Он вышел в приемную. Когда вернулся, разговор шел совсем о другом.
— Односторонне мы работаем. — Рыбаков сердито косился на Шамова. — Ты погляди, что в деревнях делается. Изо всех щелей повылазили заплесневелые попики. Всякие там старцы-провидцы, гадалки и ворожеи. Как грибы-поганки после дождя выросли молеленки, часовенки, а в Луковке и в Иринкино даже церкви пооткрывали. Знаешь об этом, пропагандист?
— Конечно, знаю, Василий Иванович. Это следствие войны. Люди тянутся к религии, как к опиуму, который и боль приглушает, и успокоение в смятенные души несет, а главное — поощряет веру в чудо. Все жаждут чуда, которое воскрешало бы из мертвых, охраняло от пуль, врачевало смертельные раны. Такое чудо сулит только религия. Вот и потянулись к ней.
— Ты это к чему говоришь? Хочешь свою пассивность прикрыть или нас просветить? Ведь все эти молельни открылись самостийно: нас-то не спросили. Пошныряли бабки по избам, погнусавили молитвы — и вот тебе открылась двадцать лет пустовавшая церквушка в Луковке. А где мы были? Где наши лекторы, всякие атеистические вечера, беседы? Ты сам сколько раз за последний год выступал перед народом с антирелигиозными докладами?

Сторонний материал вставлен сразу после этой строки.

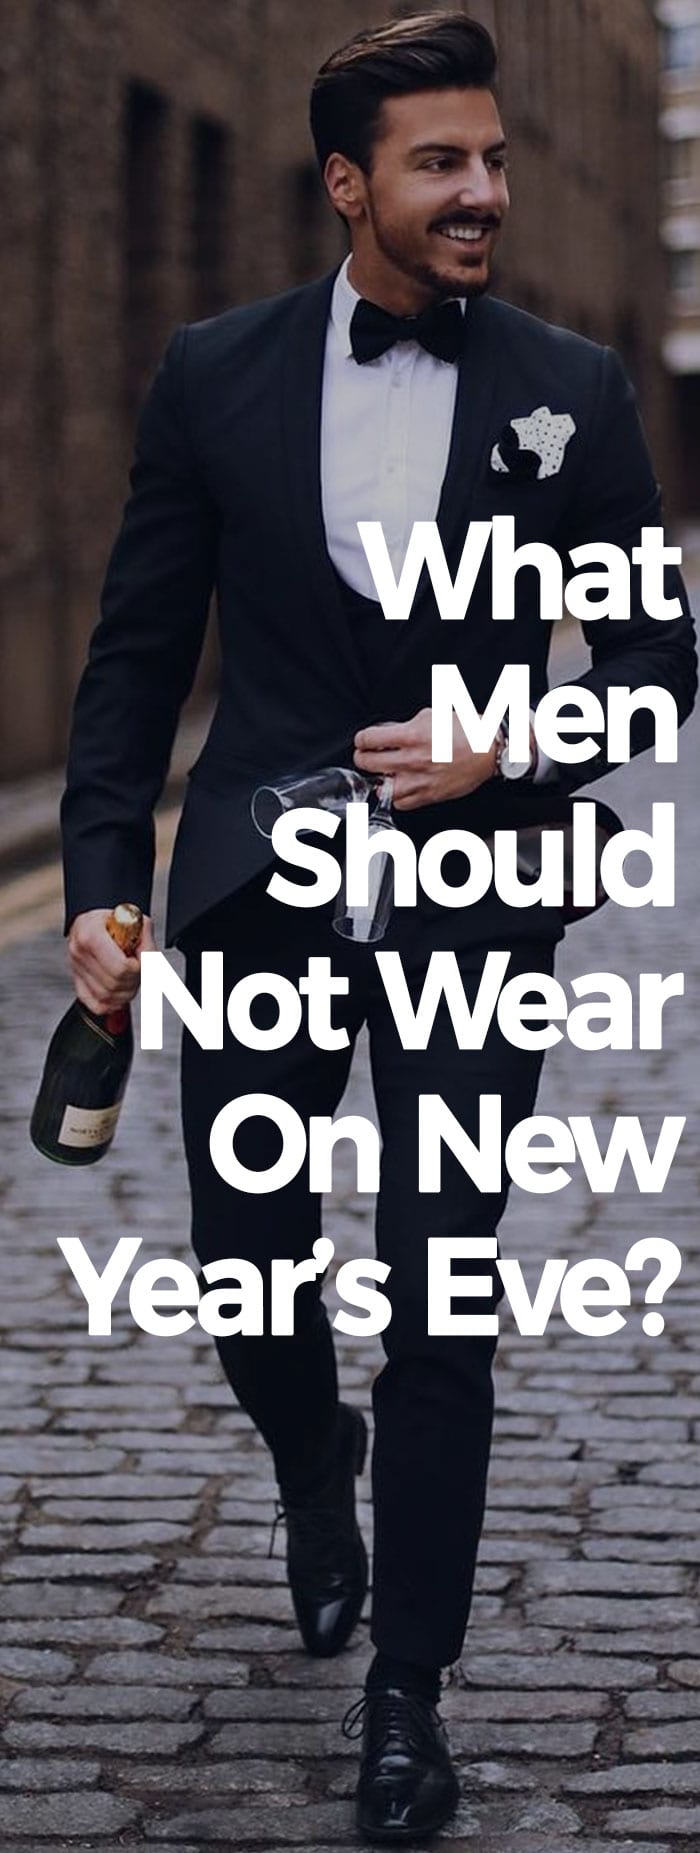 What Men Should Not Wear On New Years Eve
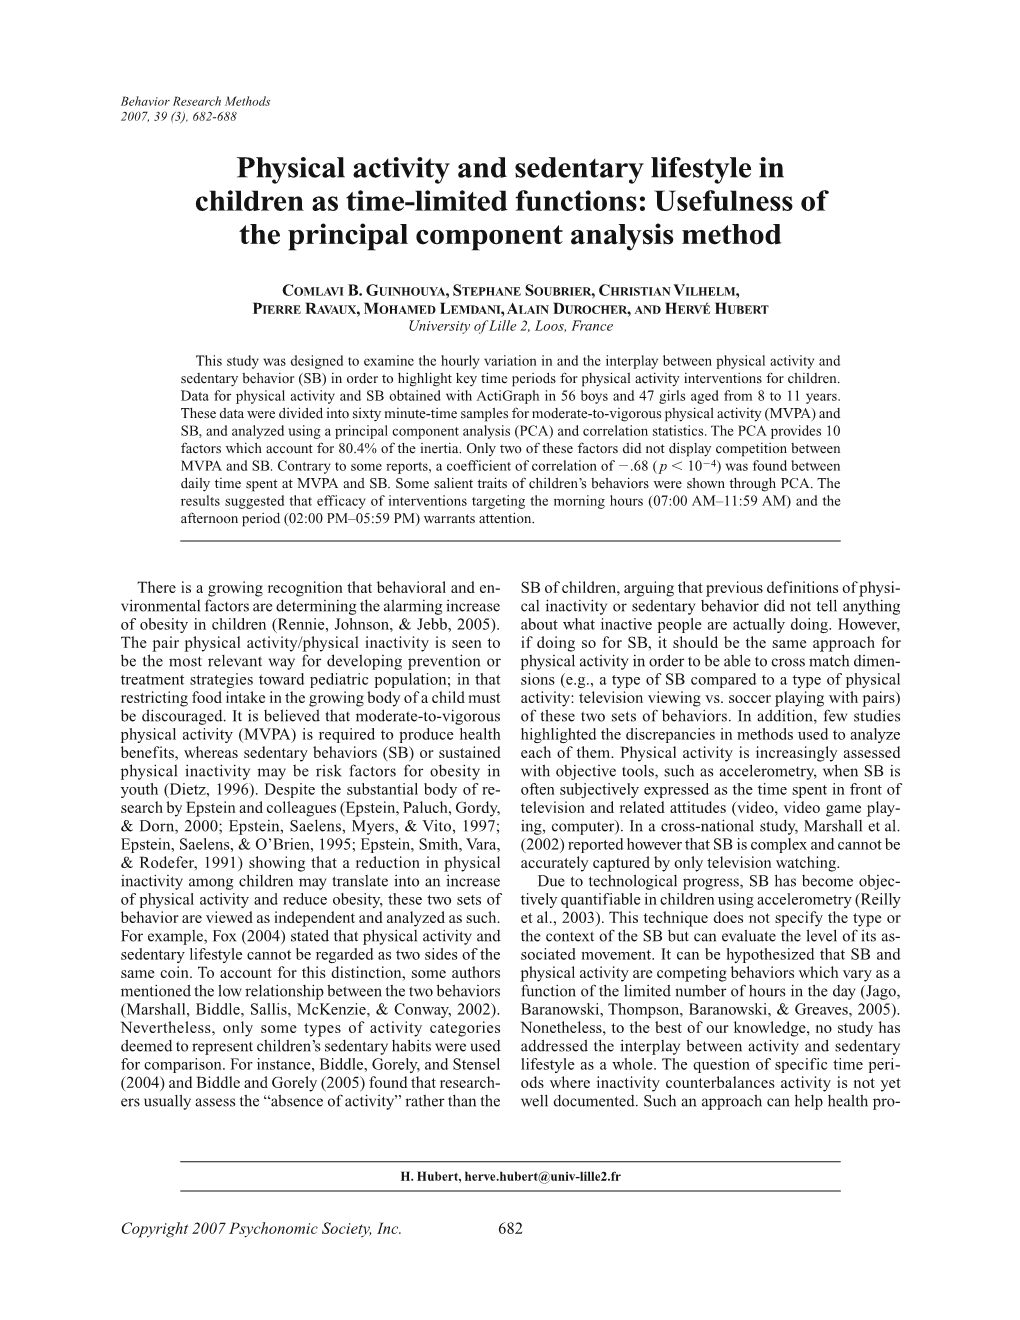 Physical Activity and Sedentary Lifestyle in Children As Time-Limited Functions: Usefulness of the Principal Component Analysis Method

— Я один все равно ничего не сделаю. — Шамов продул мундштук, сердито пожевал губами. — Надо, чтобы этим делом занялся весь партийный актив, и прежде всего руководящие работники района. А ведь, если говорить откровенно, пропагандистской работой они занимаются крайне мало. Недопустимо мало. Борьба с религией в настоящее время — сложнейший вопрос, его с наскоку не решишь. Надо обсудить на бюро, разработать мероприятия.
— Ну и разрабатывай на здоровье. Побывай в Луковке и в Иринкино. Разберись с поповскими проделками да, кстати, подними учителей и других интеллигентов. Загляни в соседние деревни, присмотрись повнимательнее, чем живет народ. Подумай над этим, а потом обо всем доложишь на бюро. Договорились? Как у тебя сейчас со здоровьем-то?